# Canon A1 with film advance problems?



## NEPats37 (Mar 18, 2007)

I received a Cano A1 from my neighbor and I am currently running the 1st set of film through it now. I noticed something a little odd though. When I advance the film to the next frame the rewind knob is suspossed to spin about 180 degrees around to show the film adavanced enough. Well every couple times it only turns a very little bit about 30-45 degrees around.
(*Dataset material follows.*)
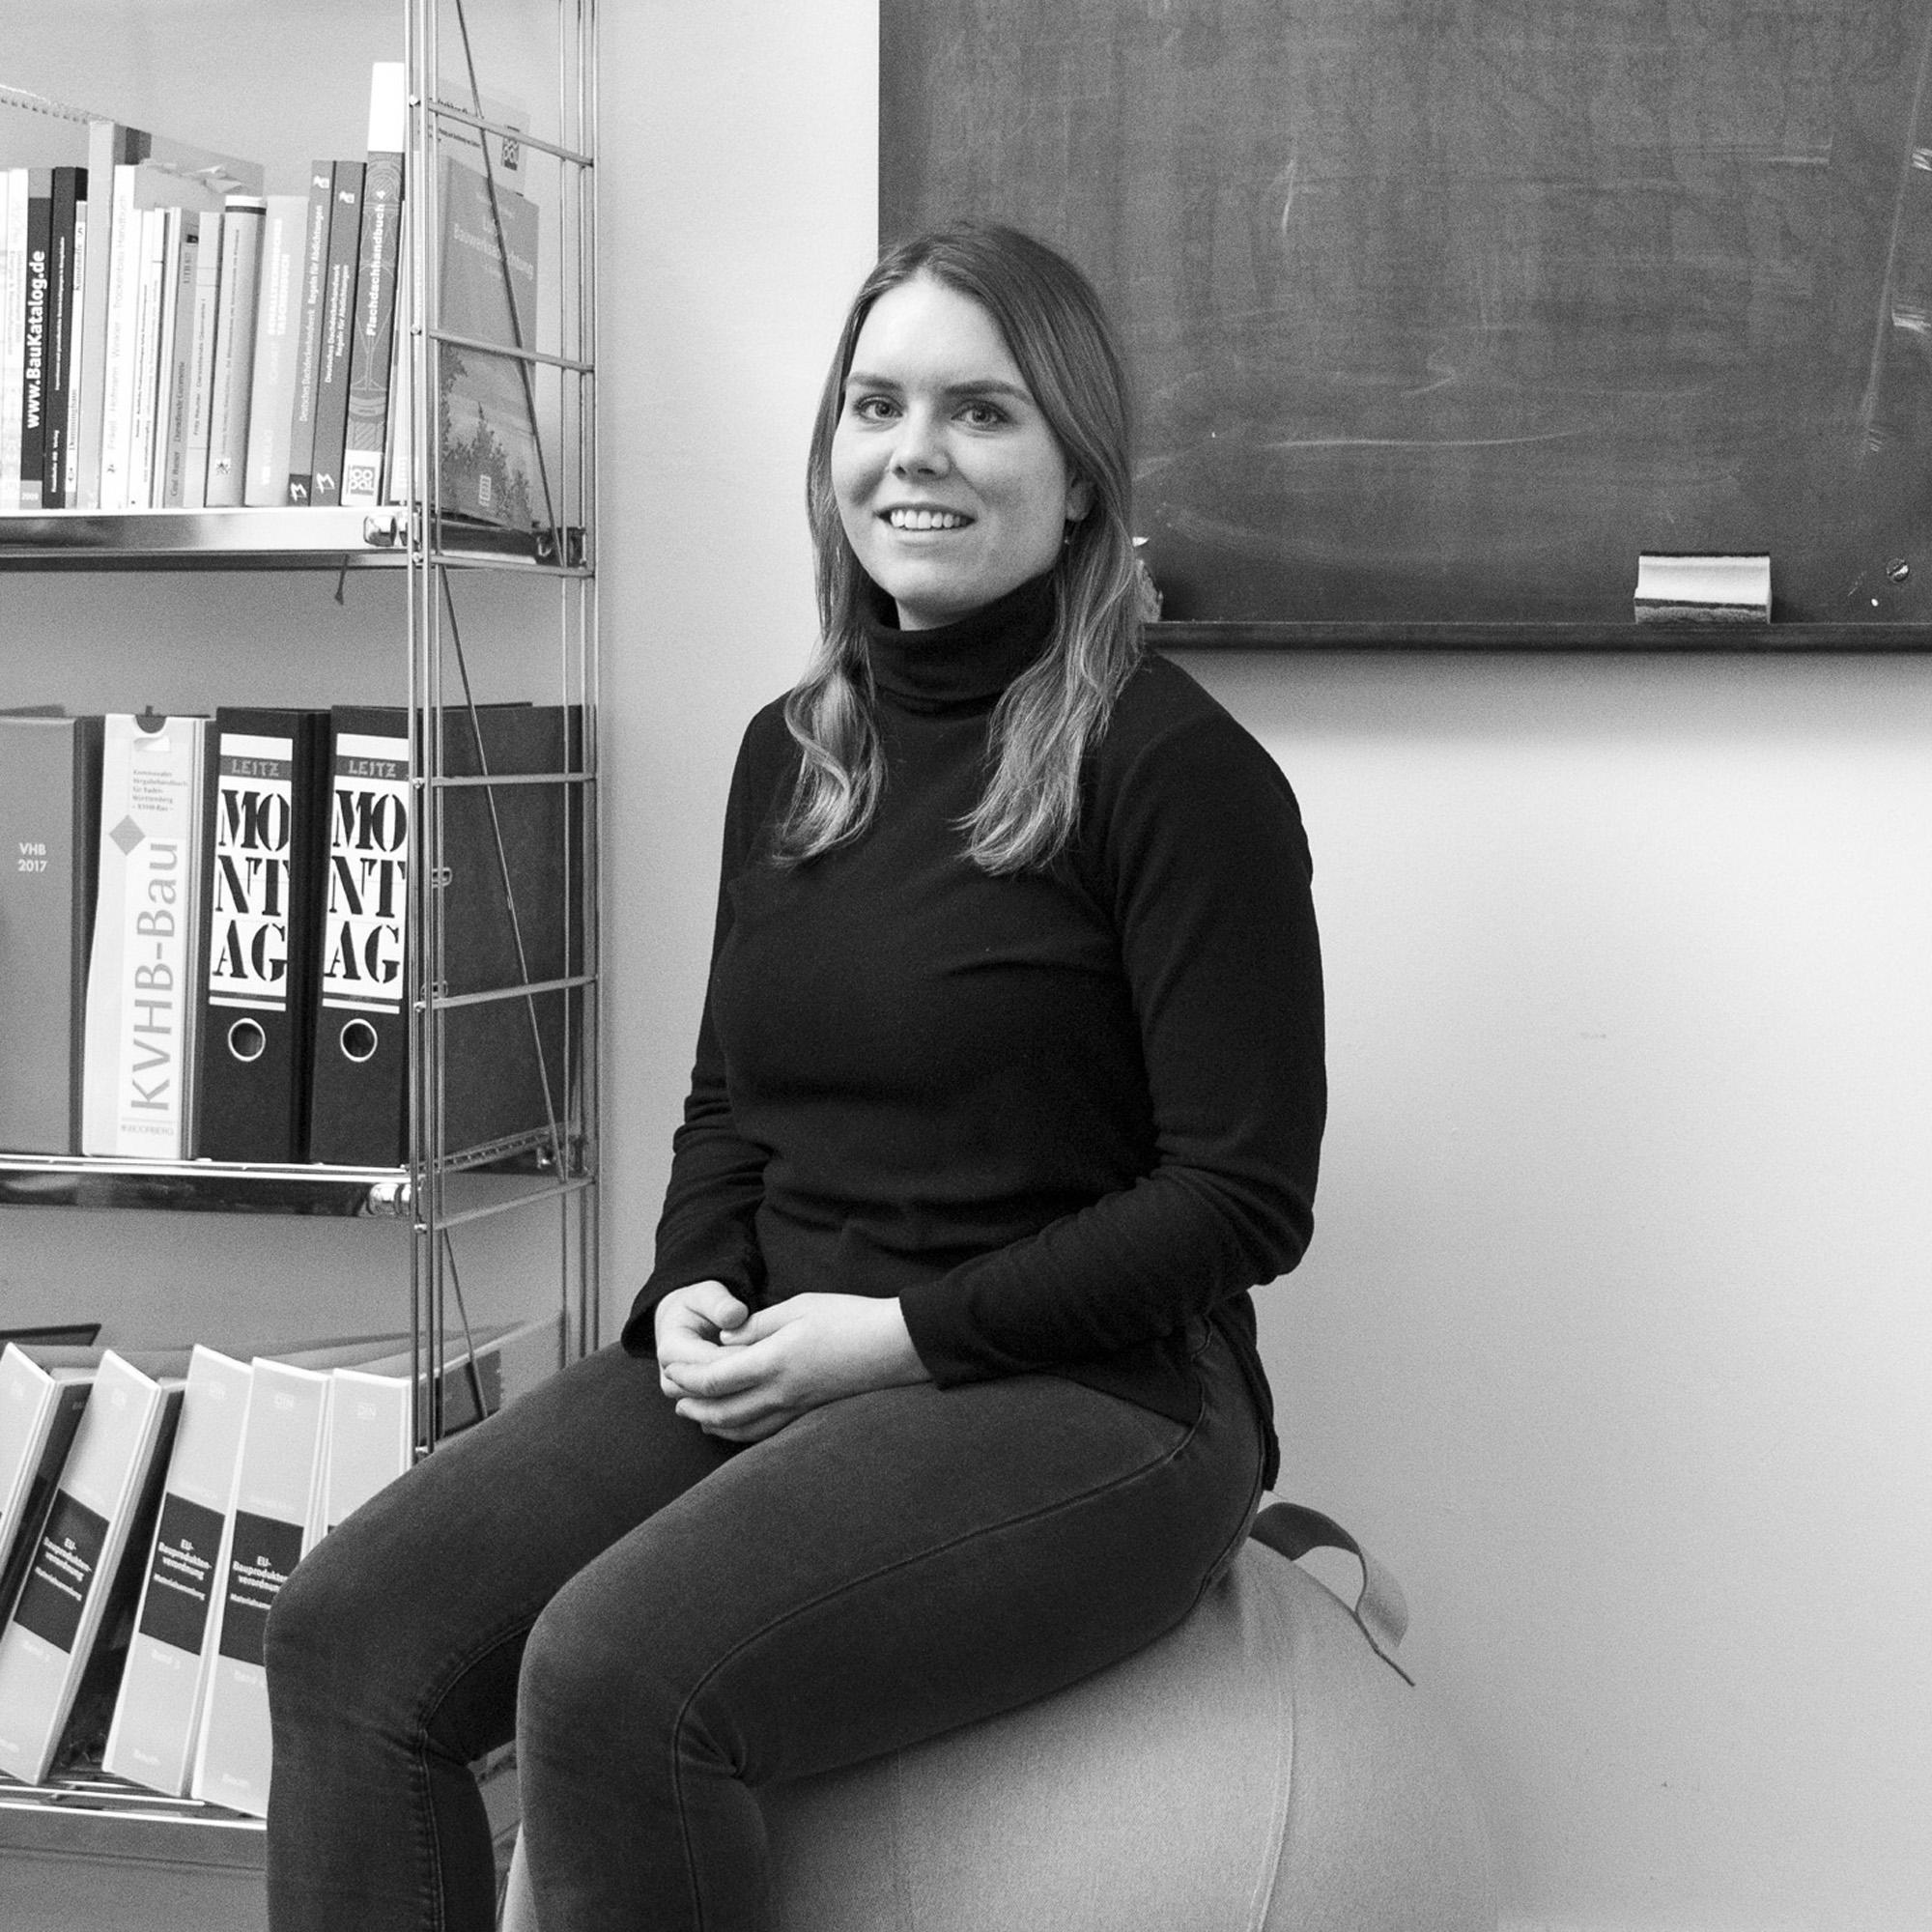 Susanne Kaum

Is this what its suspossed to do? (all my cameras have been auto advace.) I dont want to end up with a entire roll of double exposures.
The only thing I can think of is maybe in my camera bag the rewind knob got knocked around and advanced the film or made slack.
any help?
thanks


----------



## Flash Harry (Mar 19, 2007)

It's ok, as long as there is some movement then your film is advancing, make sure your winding on till the lever locks though.


----------



## Torus34 (Mar 19, 2007)

How much movement occurs with the rewind knob depends on how much slack there is in the coil of film remaining in the cassette.  The movement will normally vary from frame to frame.


----------



## NEPats37 (Mar 19, 2007)

thanks that makes sense.  If there is alot of slack inside the film cassette the oviously it doesnt need to full to advance the film.
thanks


----------



## f8lranger4x4 (Apr 1, 2007)

I also have a Canon AE-1 and had this problem one time. It turned out to be the rewind knob was loose and I had to tighten down the screw on it. I think it happened after I replaced the broken rewind knob.

Good luck nothing to worry about if you develop your first roll and everthing turns out good. let us know how everything goes.


----------